Workflow Definitions

class basic_modules.workflow.Workflow

Abstract class describing a Workflow.

Workflows are similar to Tools in that they are defined as receiving a precise input data type to produce a precise output data type. The main difference is that, instead of performing the operations themselves, they instantiate other Tools and call their “run()” method to define a flow of operations. Workflows can be further nested, to provide easy access to very complex pipelines. Furthermore, Workflows automatically take advantage of the VRE’s ability to optimise the data flow between operations: this is a powerful strategy to implement the most data intensive pipelines.

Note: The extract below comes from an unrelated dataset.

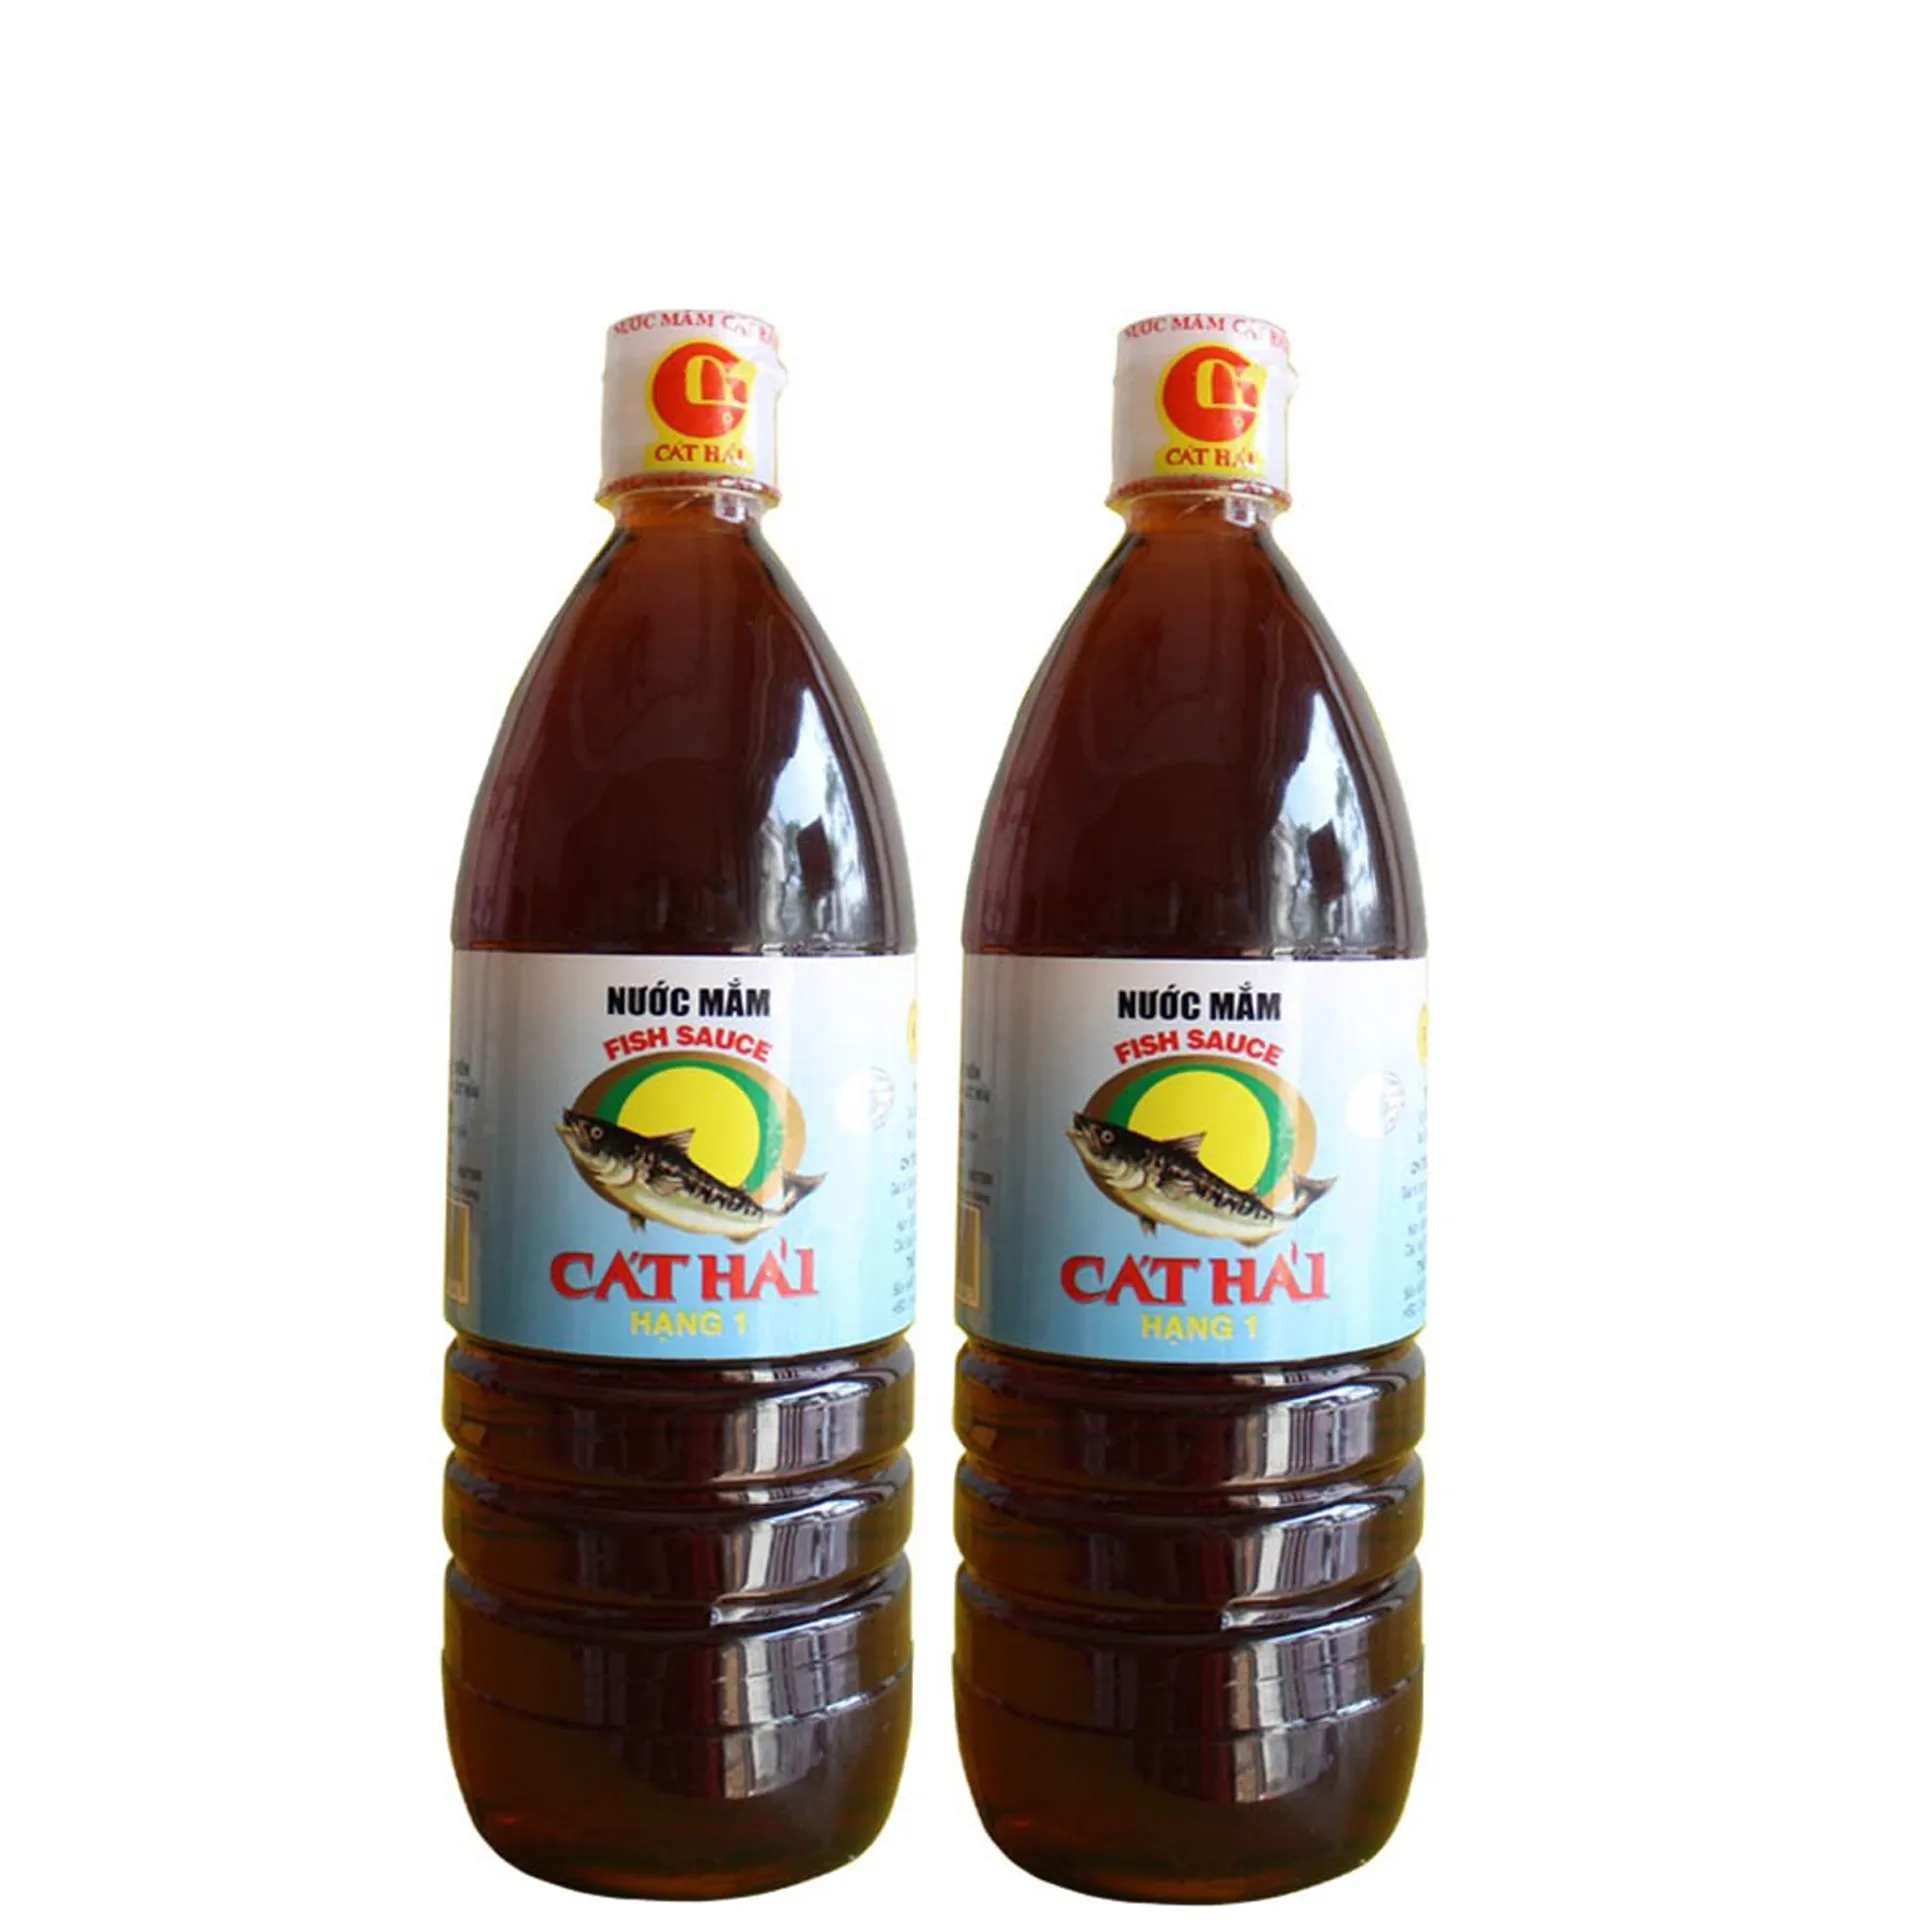 Cat Hai fish sauce

The Workflow itself is executed by calling its “run()” method; as for Tools, “run()” should support multiple inputs and outputs, which are assumed to be valid file names locally accessible to the Workflow. This allows the Workflow to use the output of Tools as input for other Tools.

The “run()” method of Workflows should keep track of these intermediate outputs by using the “add_intermediate()” method, to allow the wrapping App to unstage these (see App).

As for Tools, Workflows are expected to generate metadata for each of the outputs (as well as for intermediate outputs); generally the metadata generated by the Tools called by the Workflow will be sufficient.

run(input_files, metadata, output_files)

Perform the required operations to achieve the functionality of the Workflow. This usually involves: 0. Perform relevant checks on the input 1. Instantiate a Tool and run it using some input data 2. Add the Tool’s output to the intermediates 3. Repeat from 1 as many times as required 4. Optionally edit the output metadata 5. Return the output files and metadata

See also help(Tool.run).